▶ [PROBLEM TO SOLVE]
Your copy should start at the line with "Watching my SonShine" and end at the line with "#MyTrizzyDaBaller 🏀" in the data below. Transcribe only those lines, exactly, pictures excluded.

▶ [RECORD EXTRACTS]
------------------------------
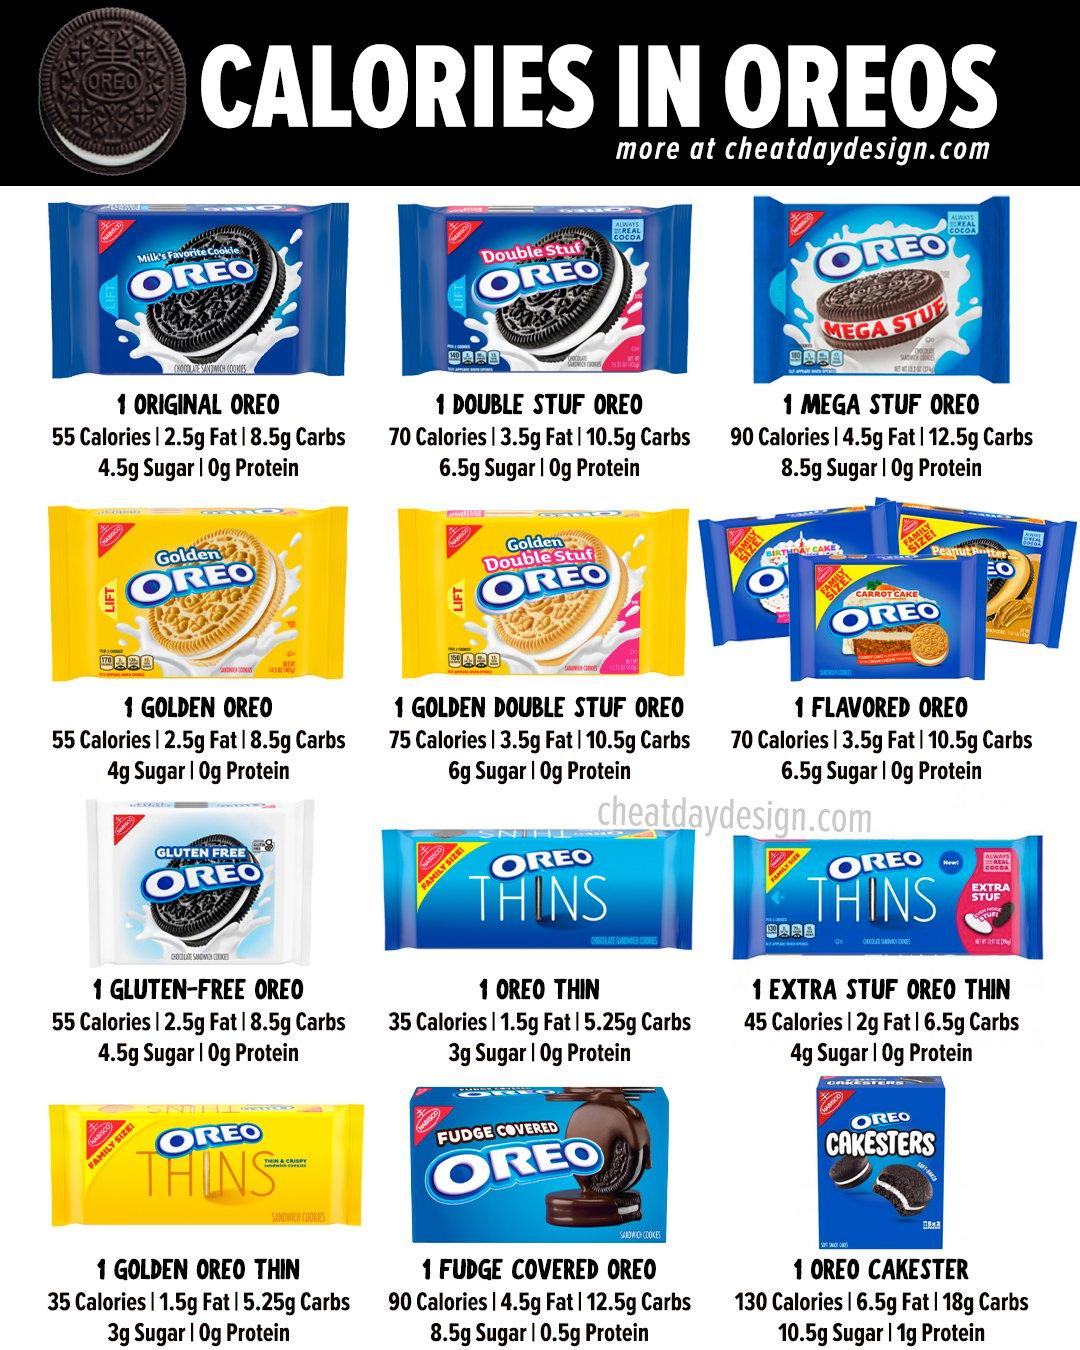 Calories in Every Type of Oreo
------------------------------
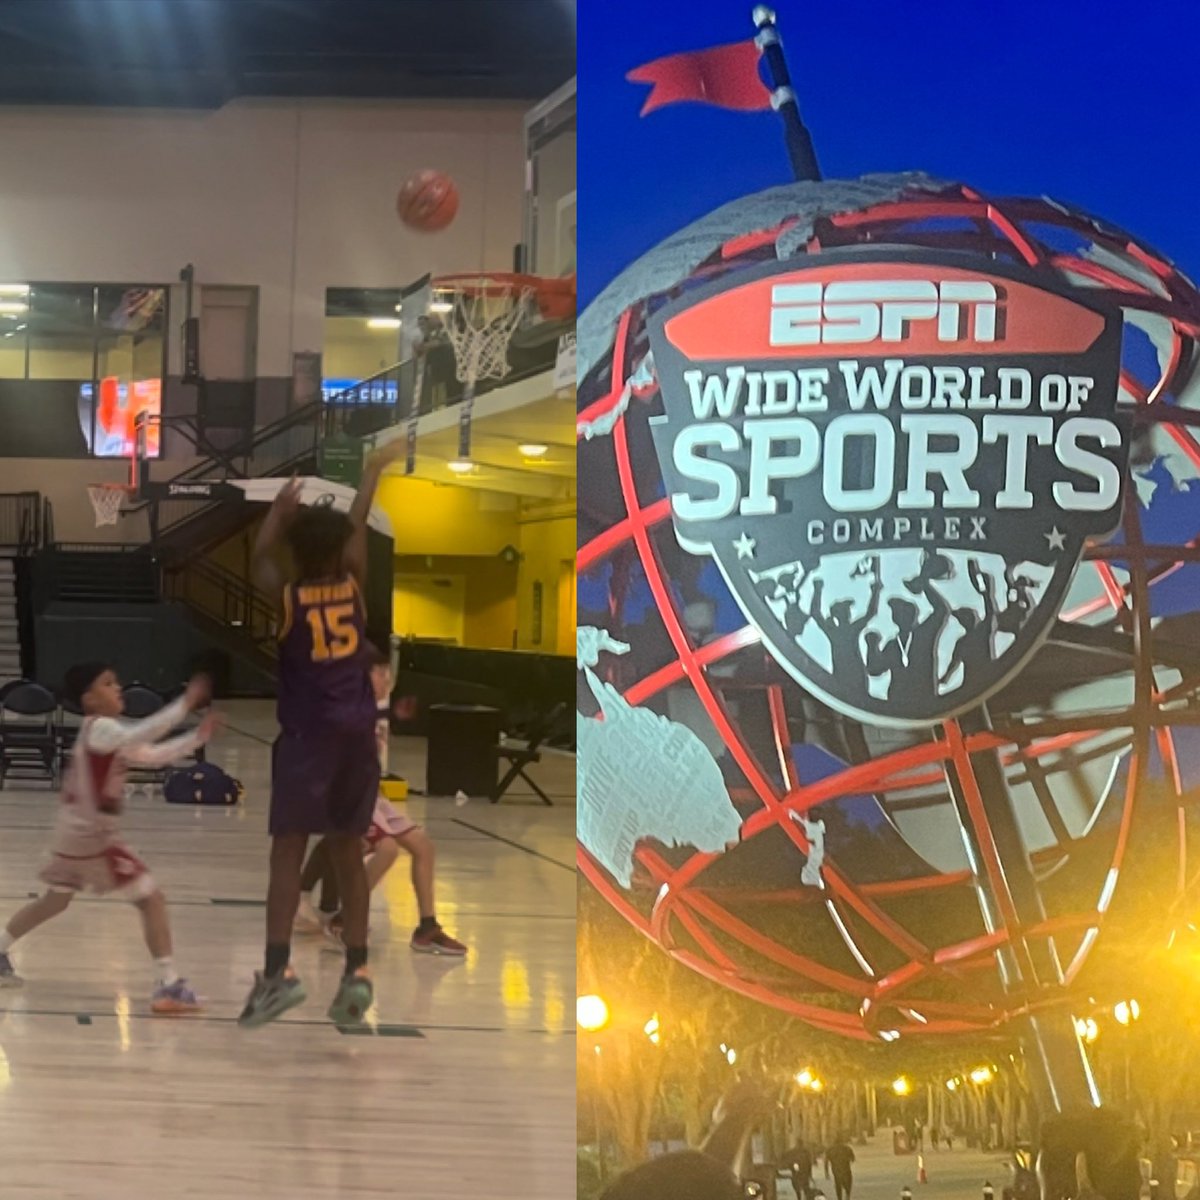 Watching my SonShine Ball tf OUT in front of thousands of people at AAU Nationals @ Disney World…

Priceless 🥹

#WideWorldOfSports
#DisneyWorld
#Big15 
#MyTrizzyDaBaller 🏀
------------------------------
▶ [SOLUTION TO THIS PROBLEM]
 Watching my SonShine Ball tf OUT in front of thousands of people at AAU Nationals @ Disney World…

Priceless 🥹

#WideWorldOfSports
#DisneyWorld
#Big15 
#MyTrizzyDaBaller 🏀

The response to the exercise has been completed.